# The data:
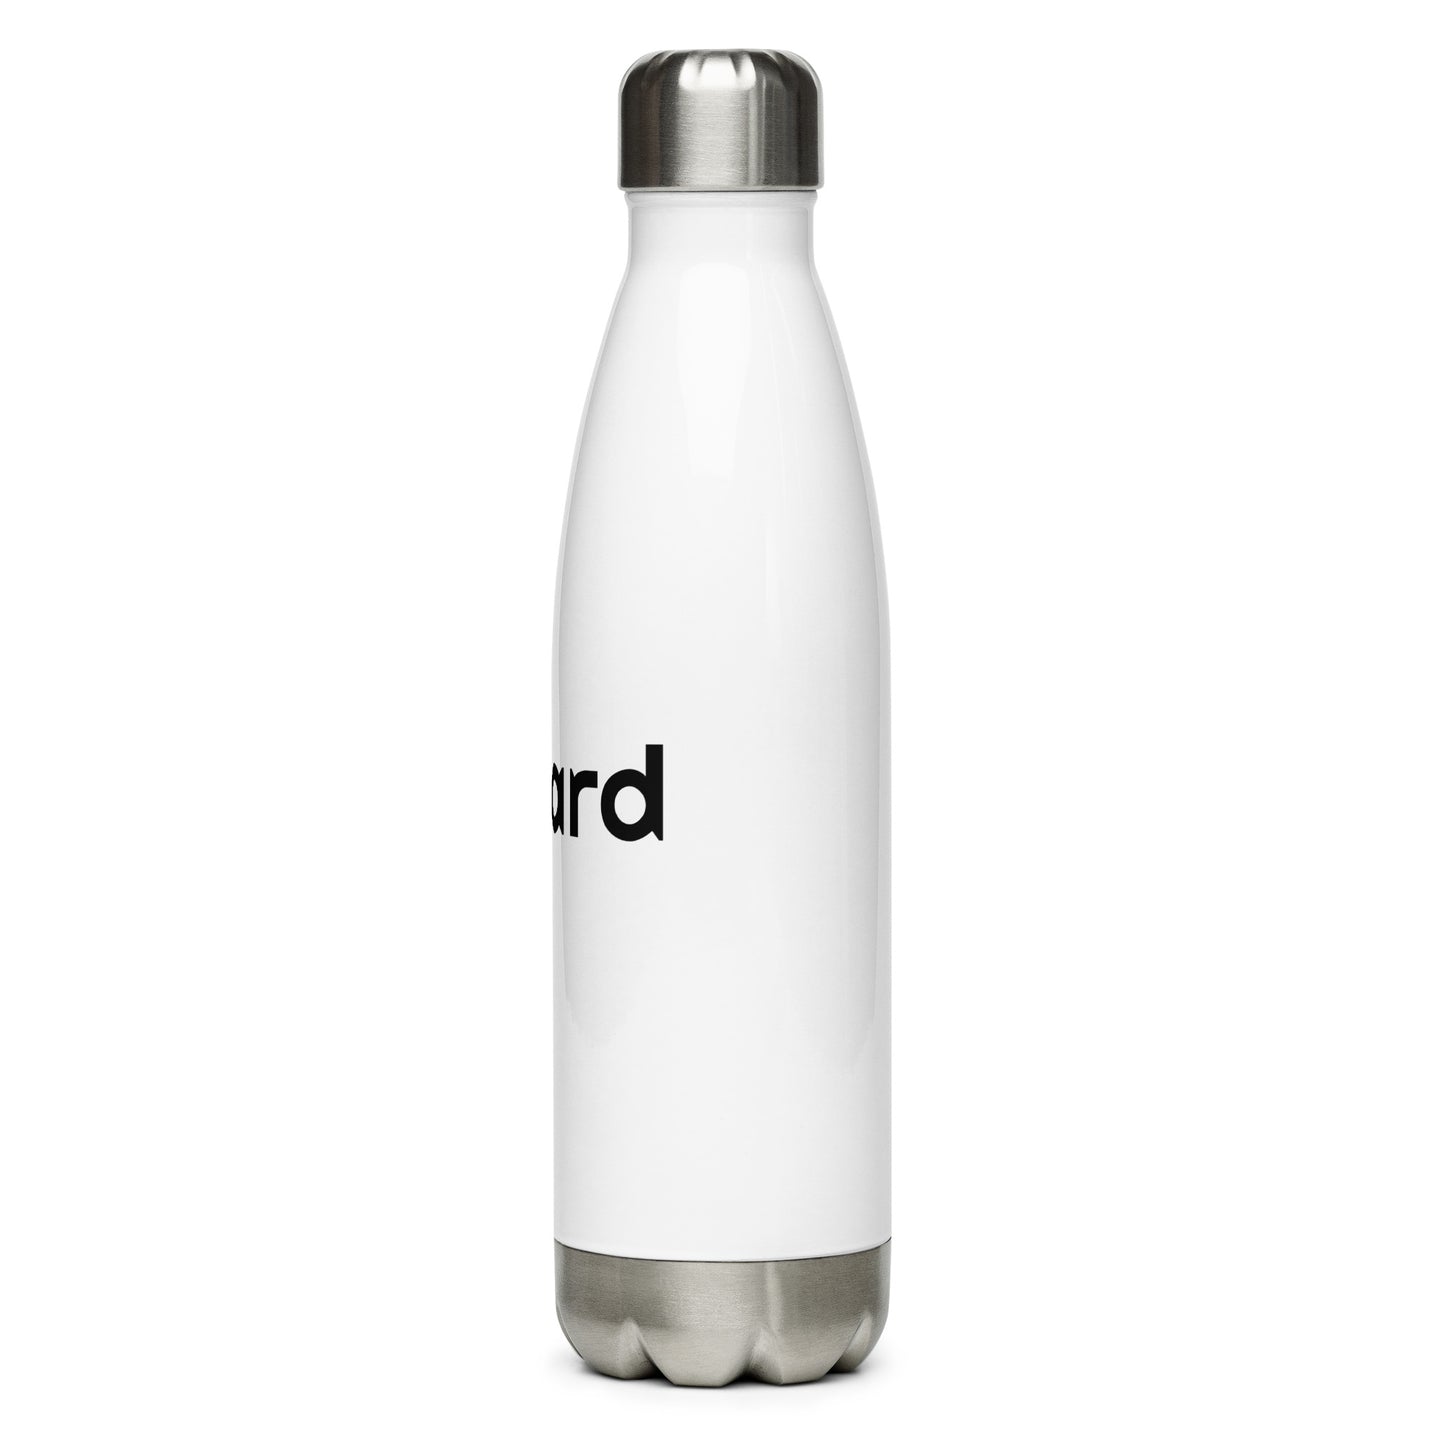 Théard steel water bottle
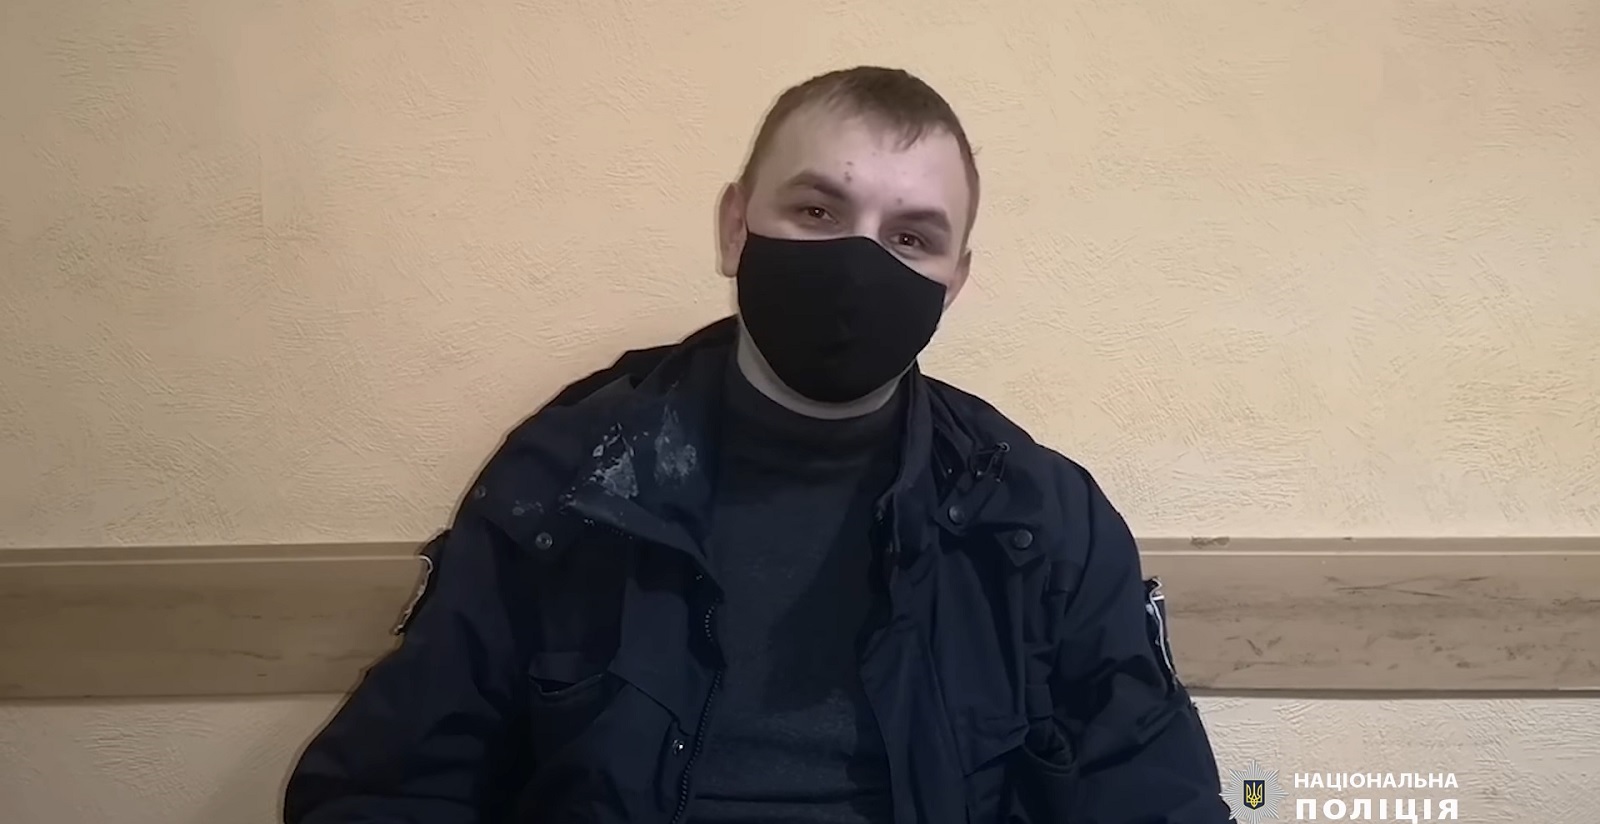 Срок за пранк: в Киеве парень бросил тарелку со взбитыми сливками в лицо полицейскому (видео)
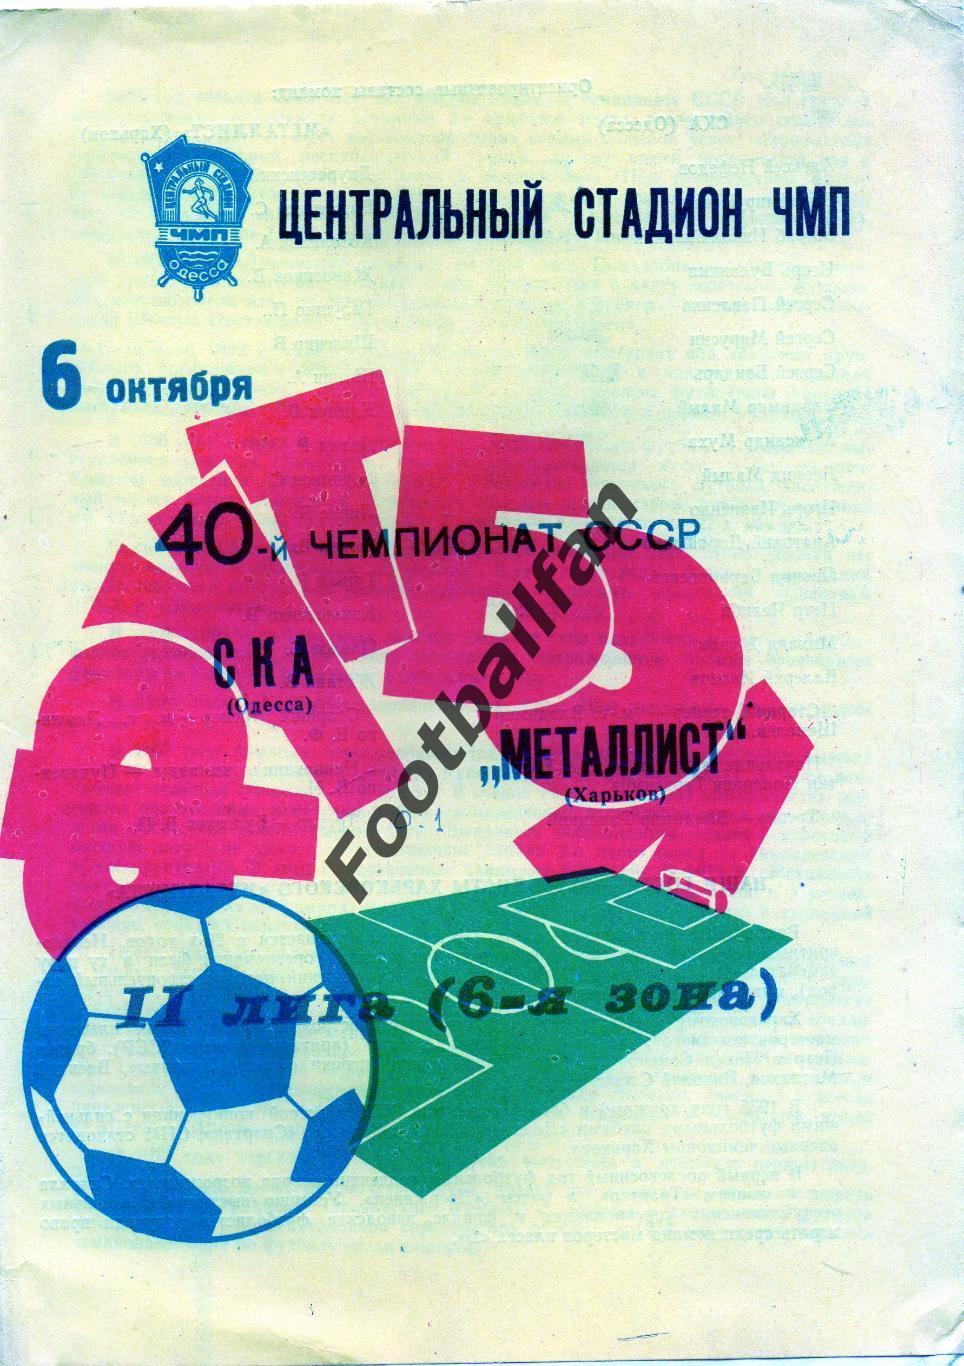 СКА Одесса - Металлист Харьков 06.10.1977 2-й вид обложки

# Your goal:
Restate word for word only the lines from the one with "Срок за пранк: в" through the last line of the material, both included. Any picture should be left out.

# Completed task:
 Срок за пранк: в Киеве парень бросил тарелку со взбитыми сливками в лицо полицейскому (видео)
 СКА Одесса - Металлист Харьков 06.10.1977 2-й вид обложки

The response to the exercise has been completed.